WHAT THE TASK REQUIRES - Copy exactly the lines of the data below that run from the line holding "Super Day T-shirt!" through the line holding "tema de arte de pixel de fruta de vector", both ends included.

RECORDS FOR THE EXERCISE -
=== Section Start ===

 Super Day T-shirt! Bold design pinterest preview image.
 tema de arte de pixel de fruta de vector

=== Section End ===
=== Section Start ===

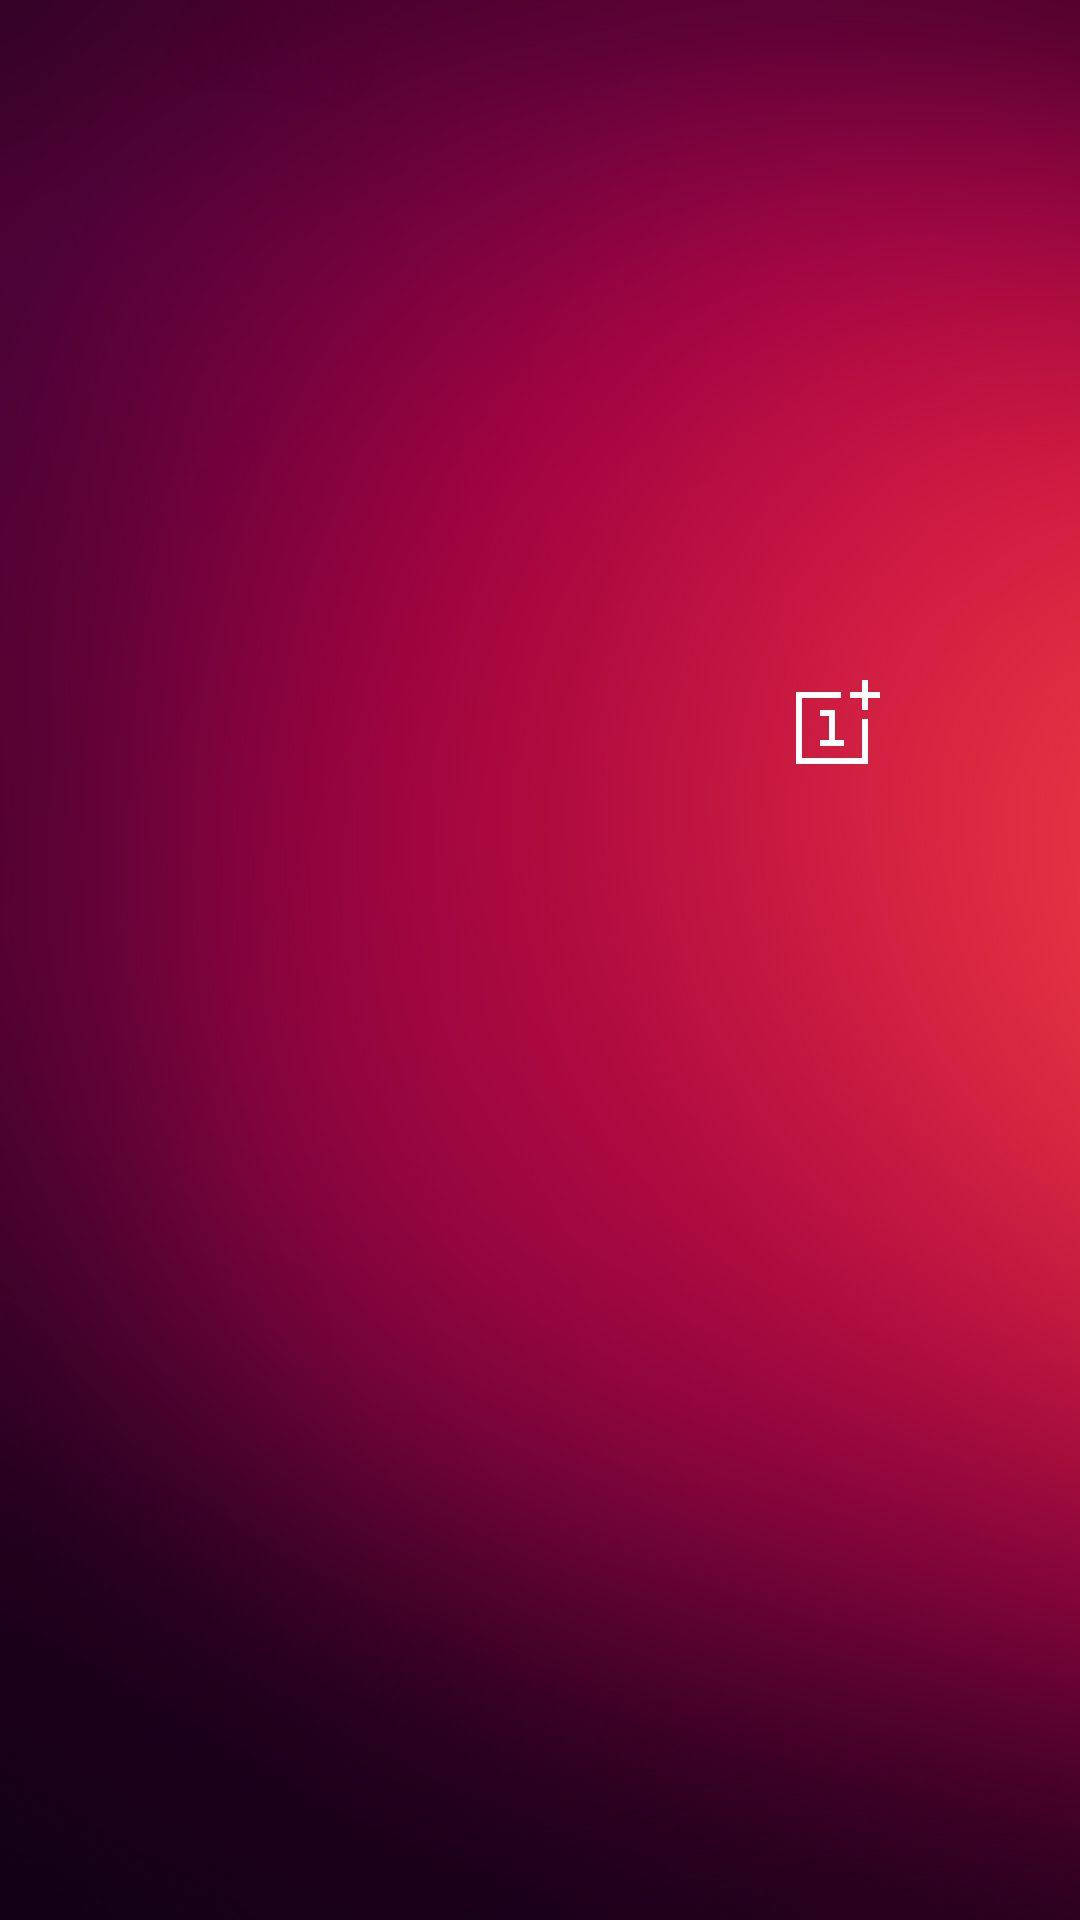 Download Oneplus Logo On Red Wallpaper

=== Section End ===

YOUR RESPONSE -
 Super Day T-shirt! Bold design pinterest preview image.
 tema de arte de pixel de fruta de vector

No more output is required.